The number of drugs which show severe side effects at or after clinical testing tells us that animal models do not highlight every risk. When developing a vaccine, there is a small risk of causing ‘immune enhancement,’ where antibodies can make the symptoms of the disease they are providing protection against worse through various biological responses. (15) There is no evidence of this with COVID-19 yet, but scientists are still learning about this ‘novel’ virus and so the question remains of whether the current testing orthodoxy of using animals will be sufficient.
So, what does COVID-19 tell us about animal research?
The urgency to halt the pandemic has already brought about regulatory change and seen concurrent animal and clinical trials, as drugs are tested on humans earlier in the vaccine development process. This shows there is in fact potential flexibility to adapt strict drug development guidelines, yet it still feels like there is a reluctance to move away from traditional animal methods. Can scientists, governments and regulatory bodies use this pandemic to analyse the overlap between animal research projects and alternative methods? Can we identify which non-animal methods are providing useful information to help fight COVID-19 and should be utilised in future vaccine and drug development? This type of reflection should highlight the need for information sharing and funding of and training in useful techniques that are not regularly used due to a lack of knowledge, experience, or access to equipment. These are techniques that could benefit human health by reducing drug development costs, more robustly predicting adverse reactions or drug efficacy, and speeding up the drug development pipeline.

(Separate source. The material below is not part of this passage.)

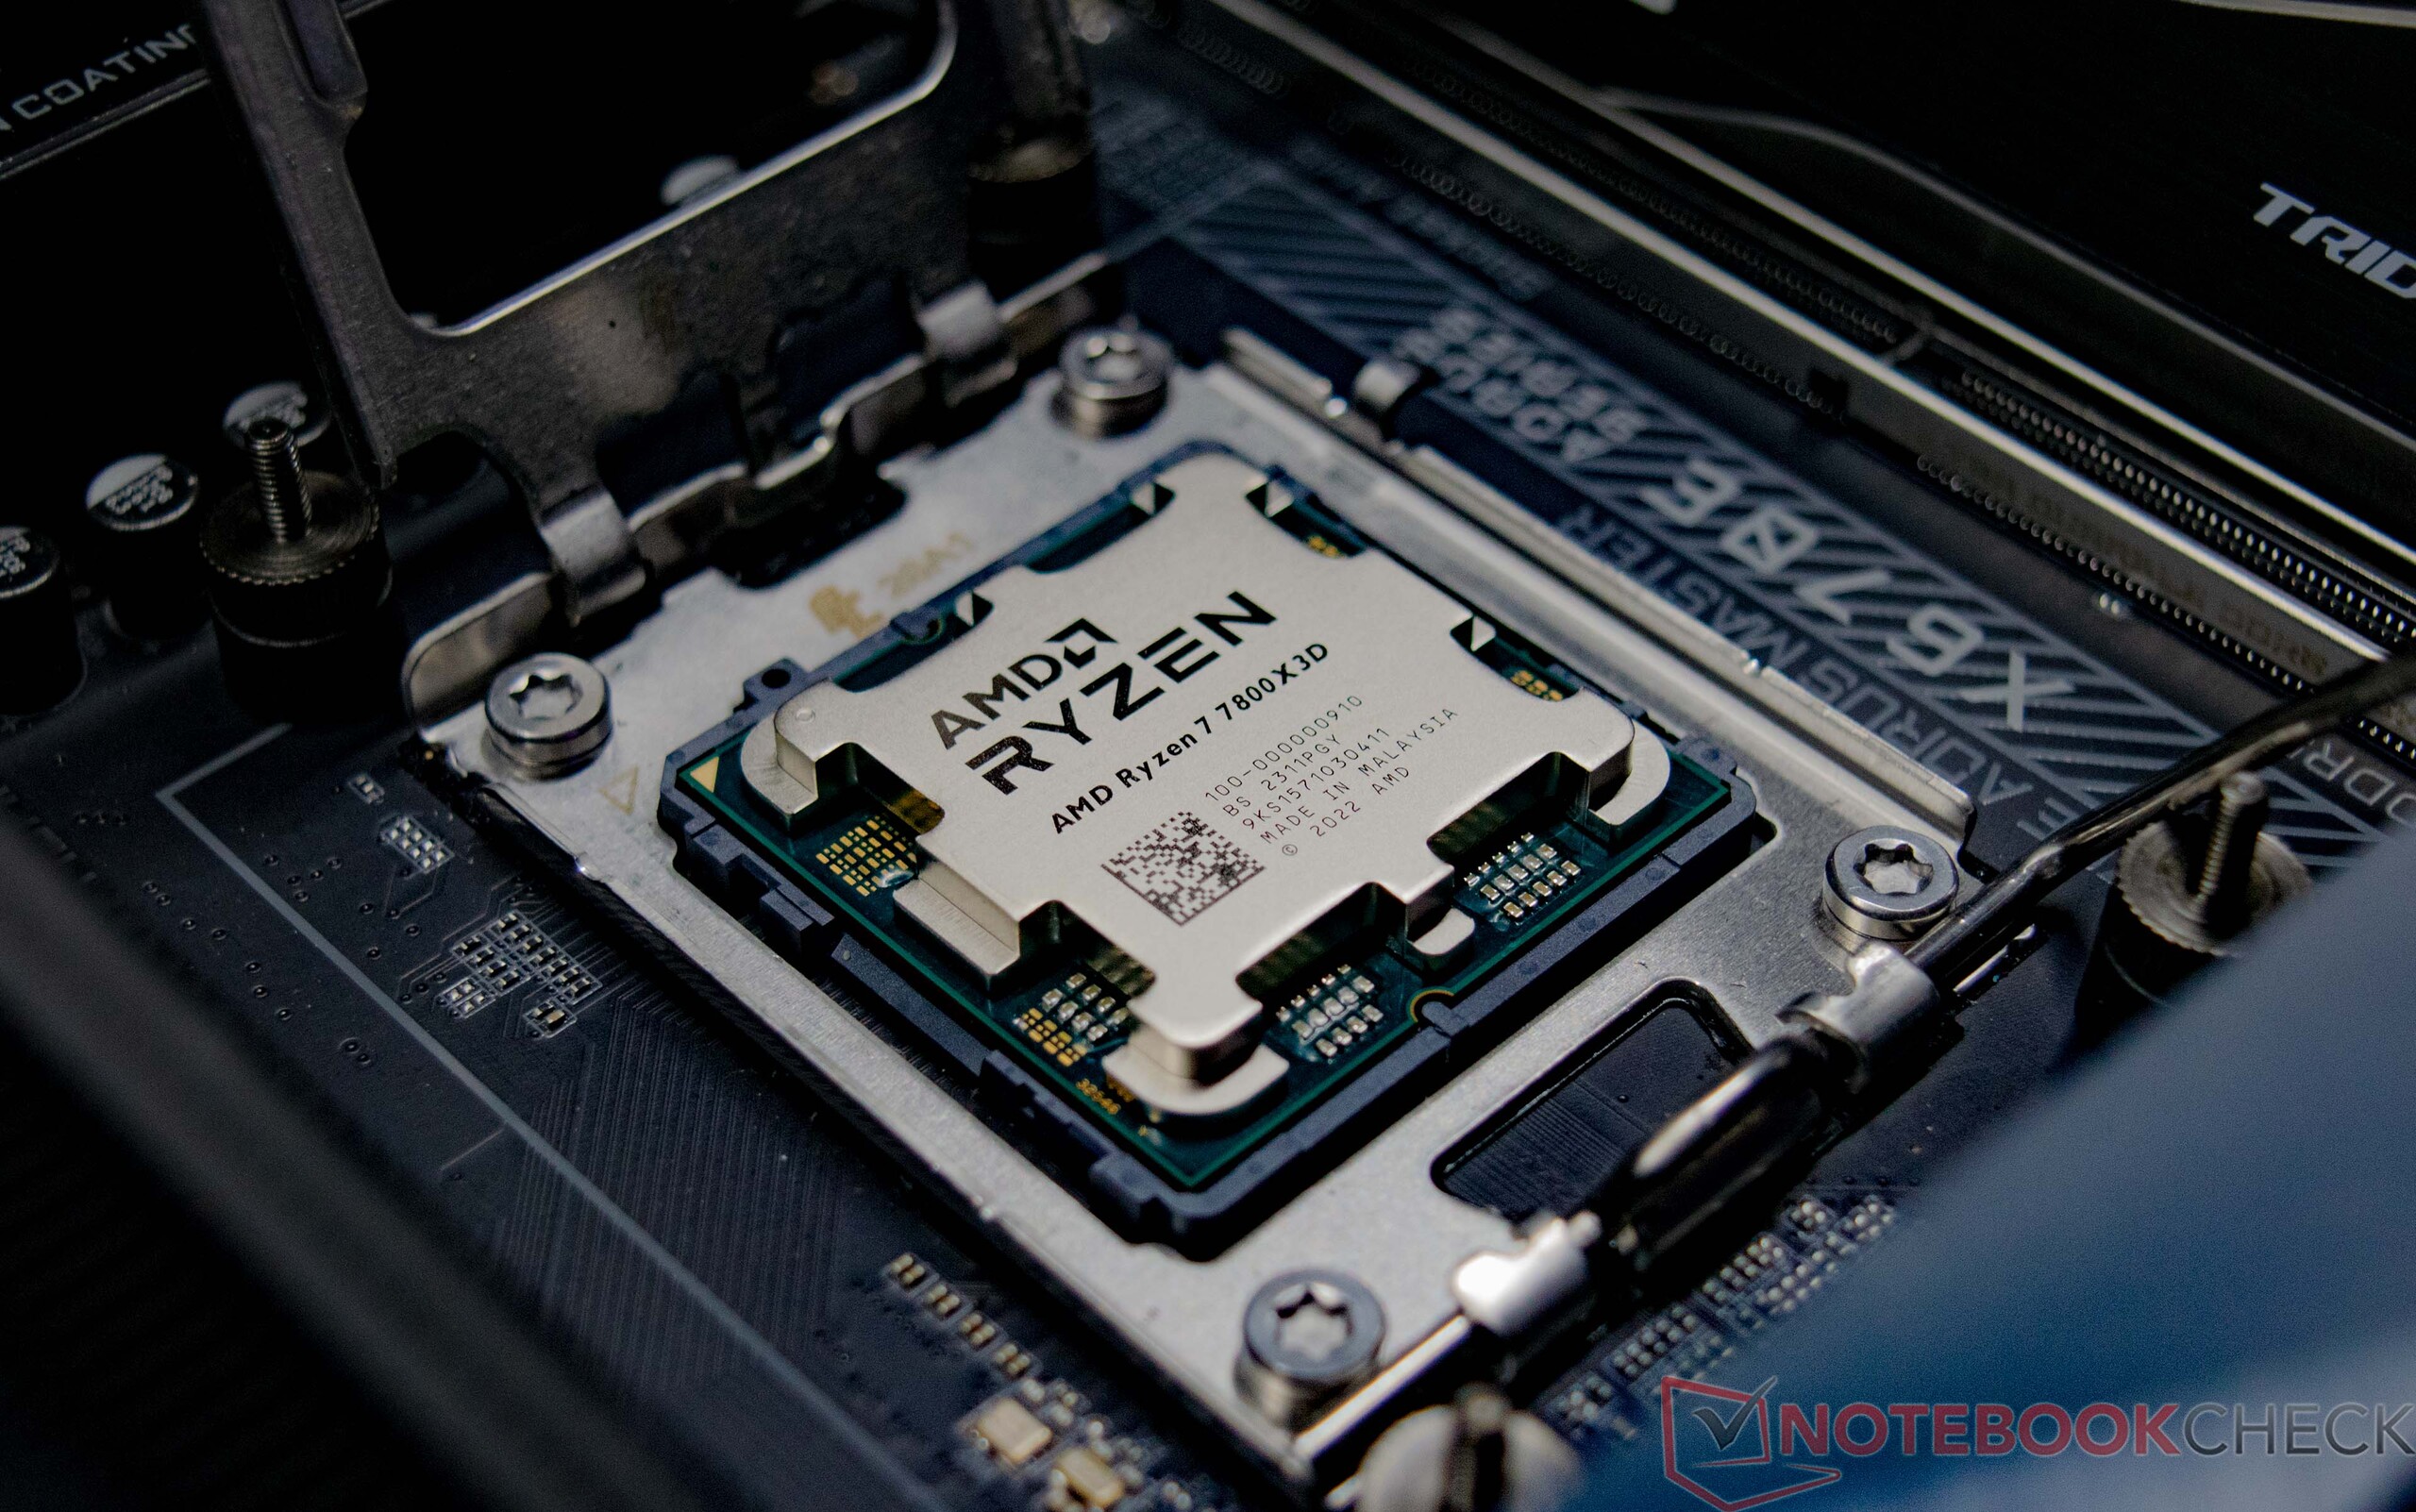 AMD Ryzen 7 7800X3D Review [Análisis Completo en Español]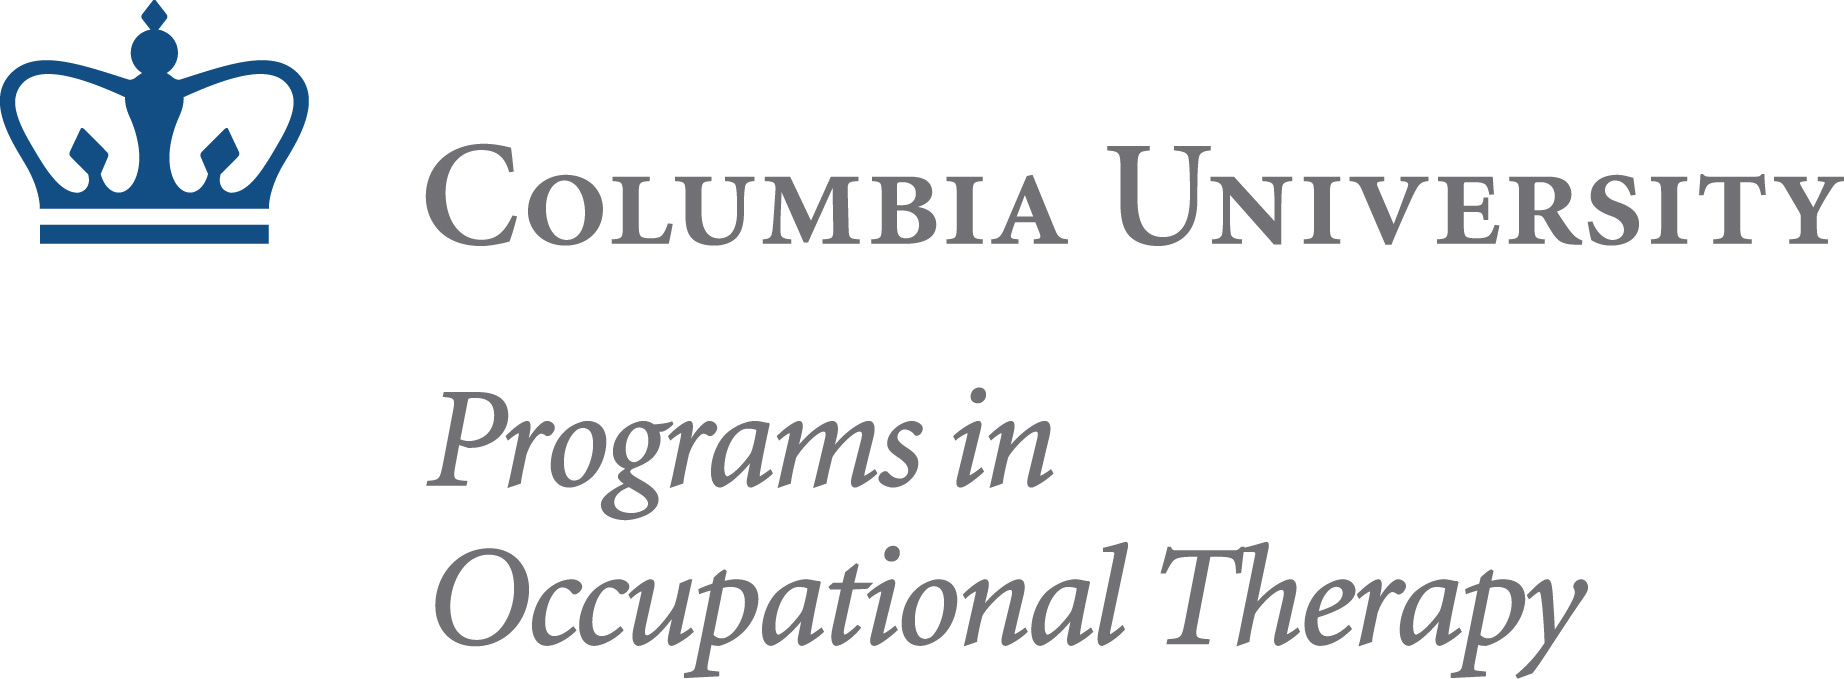 Columbia University OT logo.jpg

Animals are still playing a major role in proving vaccines are safe before they progress to human trials and evaluating any ‘immune response.’ We know that there are hundreds of COVID-19 research projects across the world and all the main vaccine development programmes have likely involved animal research, some alongside in vitro, non-animal methods. The risk of moving away from animal testing and missing an important safety issue before human trials is too risky. However, if there are alternative methods that can safely and reliably provide the same information, they should be used.
We can estimate that the number of animals being used for coronavirus research is significant although there are no reporting methods in place to assess the scale of this or evaluate outcomes. It is good to know that despite the urgency, the Home Office is maintaining standards of justification for animal use and implementation of the 3Rs as required by UK law in line with ASPA (The Animals (Scientific Procedures) Act 1986.
I am intrigued by the many stories relating to the science of COVID-19 and hope in the aftermath of the pandemic, there will be reviews that identify and highlight learning points from the process. This would allow gains from animal research to be evaluated, alongside the contribution of non-animal methods, to assess the current state of animal testing and influence a future without it.